3 minute read

Being Different

Challenging narratives

The refugee ‘crisis’ in The Boy at the Back of the Class; homelessness and bullying in The Night Bus Hero; historical and present day racisms in The Lion Above the Door; violence against women in The Star Outside My Window; and most recently, the everyday plights of Young Carers living below the poverty line in The Letter with the Golden Stamp: I think it’s safe to say I don’t choose the easiest of issues to place at the heart of all my stories. Nor do I give my narrators an easy journey of unravelling any of the above.

I have been asked countless times in schools across the world – from Singapore to Dubai, from a village school in Kent to university groups in Scotland, why that is. Why do I ask so much of the children of my book worlds and have them asking these big, seemingly unsolvable questions? Why place such a burden on their young shoulders and - through them - on my young readers too?

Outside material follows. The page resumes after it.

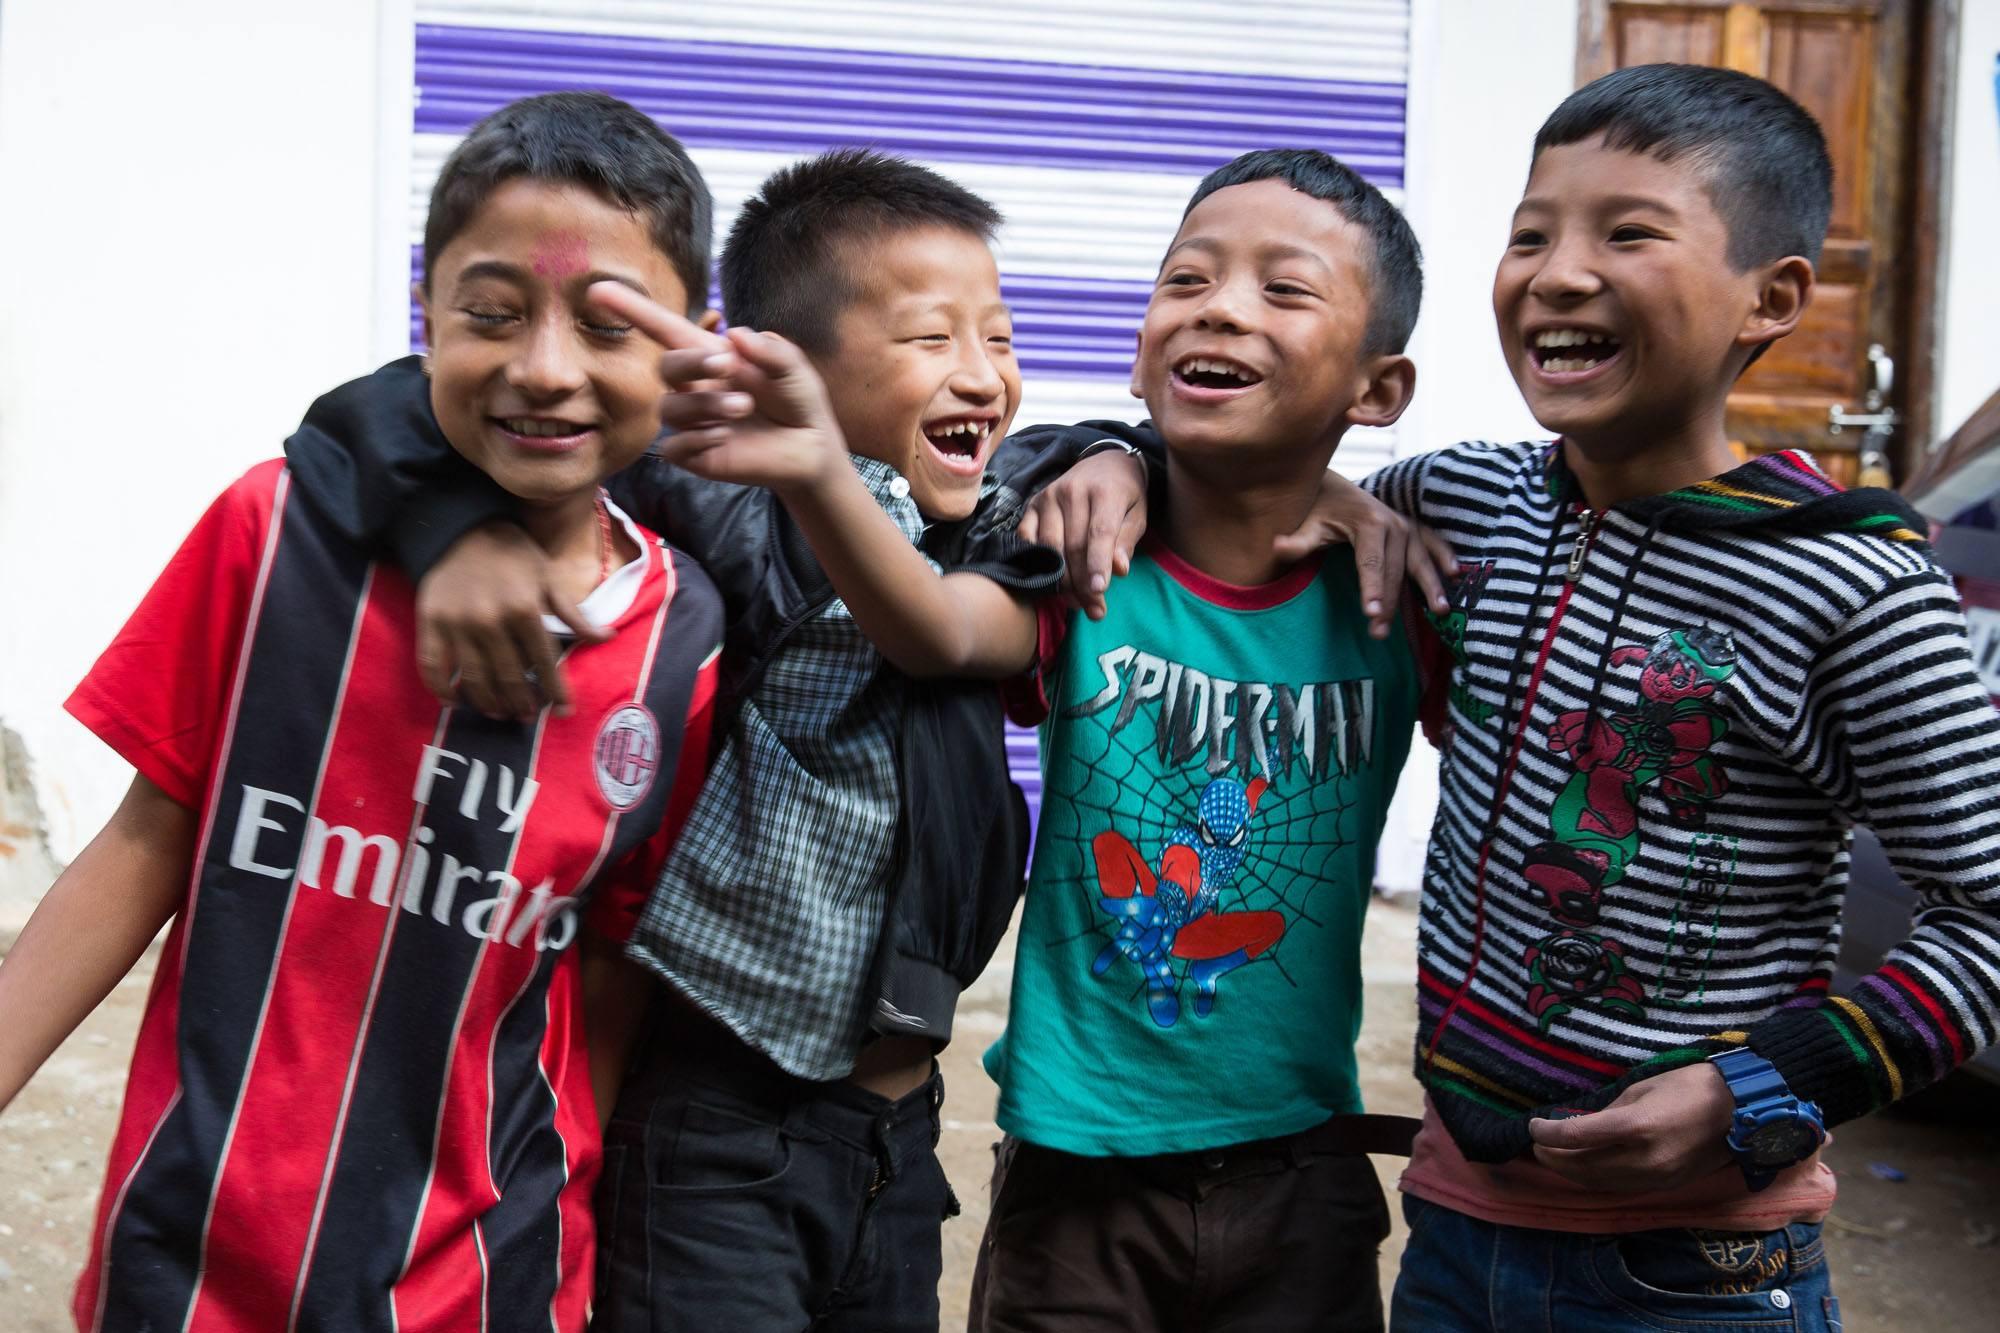 Darjeeling Kids

The answer is simple: because our children, whether they’re 5 or entering their tween years, know. They are fully, if not hyper aware of the issues my books are seeking to tackle. They hear and see everything. Be it wars raging and horrifically expanding in other parts of our small planet, or racist riots on our streets, or the rhetoric of politicians and media headlines regarding refugees, or indeed, the faces and stories they see missing in their WWII museums. We have in our midst, the most informed generations of children. Surrounded 24/7 by endless media platforms and voices telling them what is happening and oftentimes, what to think about it. Experiences and encounters that inevitably means our children have questions, lots and lots of questions. About all of it.

Which is why, in every single one of my stories, there is a character brave enough and empathetic enough to launch into a quest for An Answer to their own questions. Leo in The Lion Above the Door embarks on an adventure to find out why heroes from countries beyond

Europe and the USA are missing from his history books - and by extension, why others see fit to bully and disrespect his family. Whilst his sidekick, Sangita, is on a parallel quest to dig out the heroes of this world, asking why non-White women’s roles, faces and names who contributed to fighting Nazism in WWII were all but eradicated - or often actually were.

Meanwhile, Aniyah in The Star Outside My Window is numbed and confused on finding herself entering a foster home, and is on a desperate search for her mother’s star - a search that highlights the plight of far too many women around the world. Whilst the narrator in The Boy at the Back of the Class, on meeting a Syrian refugee boy who has borne and survived the unbearable, is desperate to take his plight to the most powerful figure - in their mind at least - in the country: the Queen herself. They do so because they aspire to be like that solver of mysteriesand rather lacking in superheroic powers, comic book hero, Tintin. Himself, an undercover reporter, perpetually on a quest for truth.

Tintin is, essentially, the crux of who my main characters really embody: they are a living, breathing, literary metamorphosis of Tintin, with heads full of questions about either their own situation or another’s, and chests that contain just enough bravery to go out and try and find their own answers. It is Tintin’s trait of never giving up, of never having those questions waylaid or silenced, that leads even Hector, the bully telling his tale in The Night Bus Hero, to truths he never wondered about, let alone faced.

Tintin’s trait of using questions as a super power - one that we all possess - is used by the characters in my stories to unravel and undo the confusing and sometimes hypocritical world of grown-ups as seen through the eyes of children. Simply put, without voicing their questions, the children in my books would never be on the adventures they are on. Their tales would not exist. I tell children wherever I go, without my questions of the world - often forged first in the domains of my primary and secondary school classrooms - I would not be here either, writing these stories.

And therein lies my hopes for coming generations: that they will use not just my stories, but all stories, to go on asking their questions about this world of ours and be brave enough to follow those questions through. Some of the most beautiful questions I have ever heard have come as a result of children reading and empathising with the characters of my stories. Many of them are based on wanting to know how to help - how to bring to life their own desires for change. It was receiving hundreds and thousands of such questions that led to the writing of my nonfiction activist’s guide, Hope On The Horizon. To me, any child asking questions signifies hope. I am hopeful that acts which harm and erase are being thought about, challenged, mulled over and, ultimately, explored by children and my own characters.